'Four Minutes' takes home top kudo

SHANGHAI — The Shanghai International Film Festival (June 17-25) ended less with a bang than a whimper on Sunday night.

Despite the presence of a host of international and domestic stars many of them on the jury the awards ceremony topped off what has been a week of ups and downs for mainland China’s only international film event.

In the end, German film “Four Minutes,” directed by Chris Kraus, took home the biggest prize of the night, the Jin Jue Best Film award. Best Actor went to Olivier Gourmet for his performance in French film “Burnt Out” and Best Actress went to Els Dotterman for her turn in Belgian picture “Love Belongs to Everyone”.

“Burnt Out” and “Love Belongs to Everyone” also took home, respectively, the Best Director and Best Screenplay gongs. Chinese film “The Forest Ranger” got the Jury Grand Prix. In competition were 17 films chosen this year from a total of 764 applications.

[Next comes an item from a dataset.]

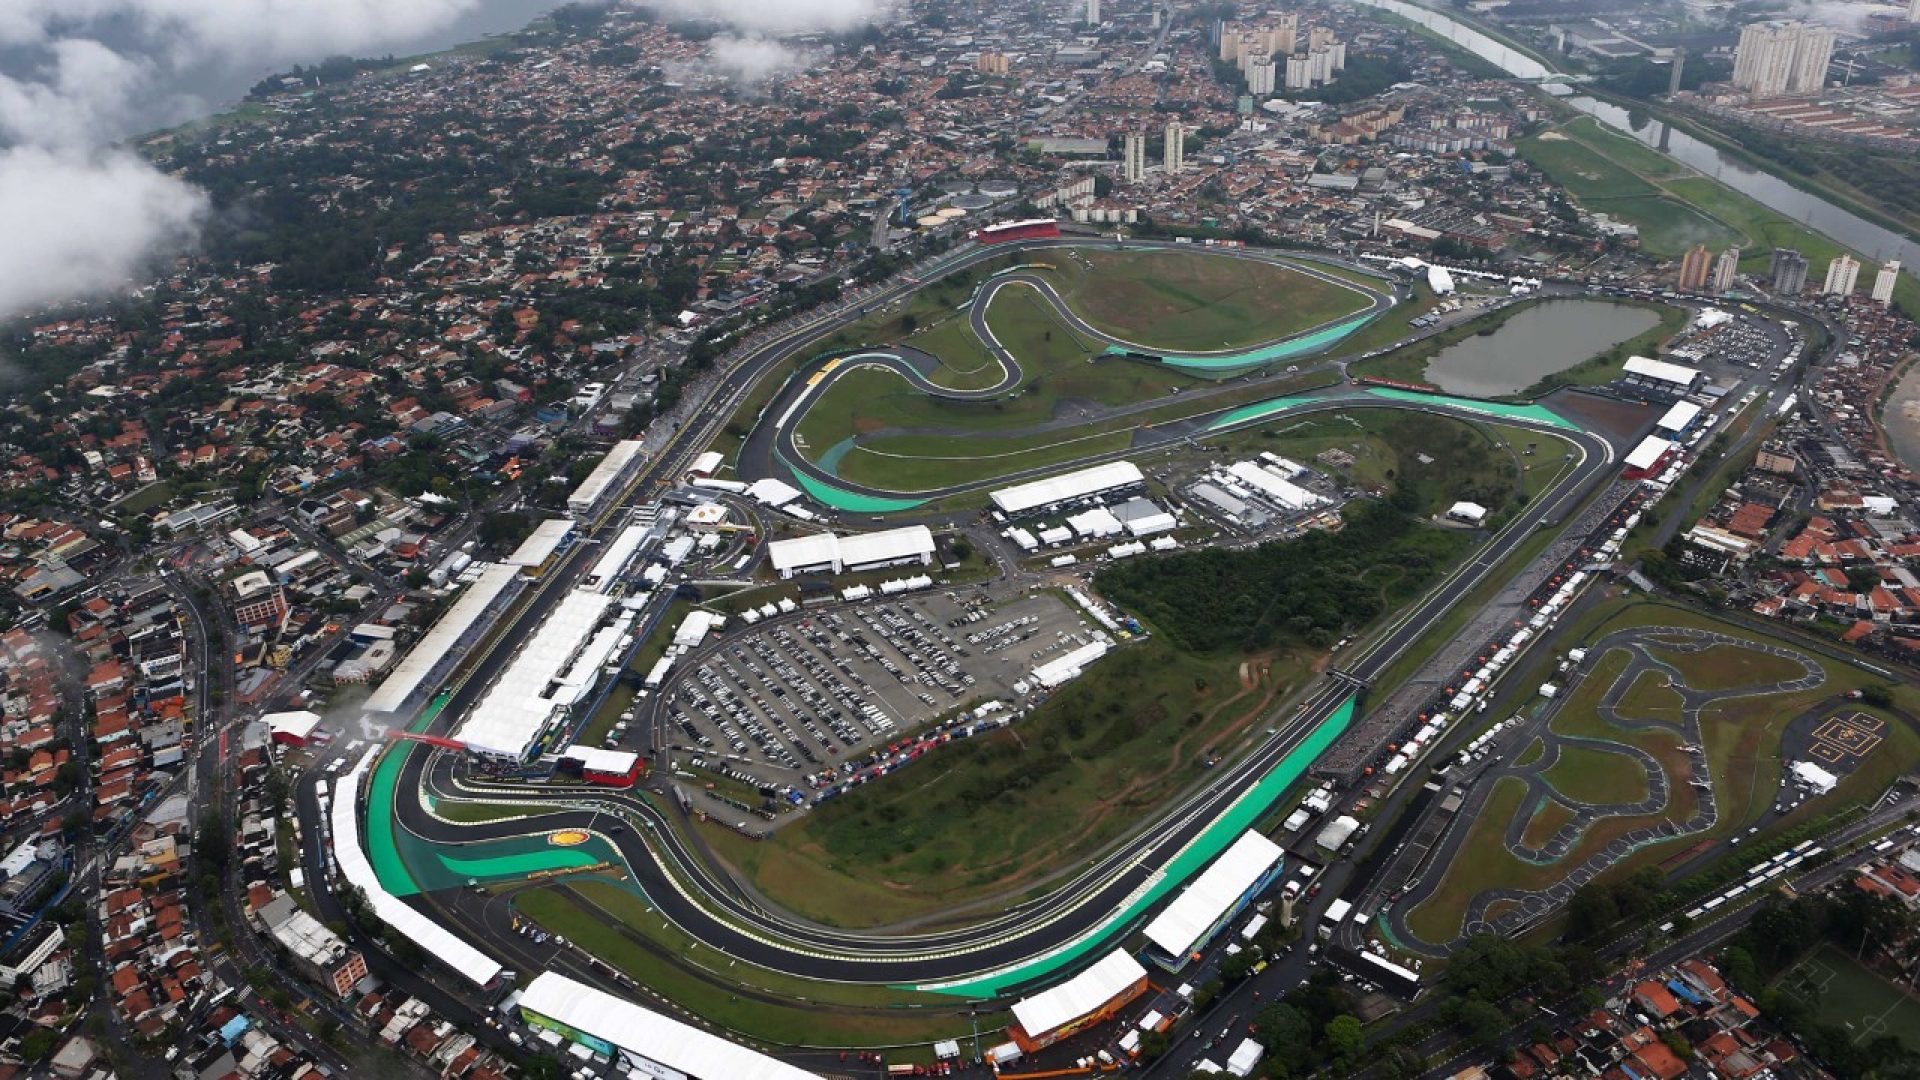 Jadwal F1 Brasil 2017, Siaran Langsung Formula 1 Seri 19 GP Sao Paulo Akhir Pekan Ini (10 121117)

Helmer Chris Kraus was effusive in his acceptance speech, expressing surprise at winning the award in such great competition. Embarrassingly though, he was the only award winner at the event, the rest of the prizes being collected by increasingly humble “representatives” who traipsed on stage and said a quick thanks before dashing off.

For an event that aims to be international, Chinese-English translation — performed by the hosts of the show — was also poor and very slow. In a particularly awkward moment, the opening remarks of a Spanish jury member (in Spanish) completely baffled the hosts who asked a Chinese member of the jury if she knew what he had meant. She clearly didn’t.

With global stars including Catherine Deneuve (who also picked up a Lifetime Achievement Award), Luc Besson (chairman of the jury) and Ed Norton in the audience, alongside some of China’s biggest film names (amongst them helmers Feng Xiaogang and Chen Kaige, and multihyphenate Xu Jinglei), hopes for this year’s event were high.

Norton, who presented the Best Actress award, perhaps best summed up the disappointment. Asked whether he had enjoyed working in China recently — he has been shooting “The Painted Veil” — he replied, “Making a film is much more fun than this.” His comments were not translated into Chinese.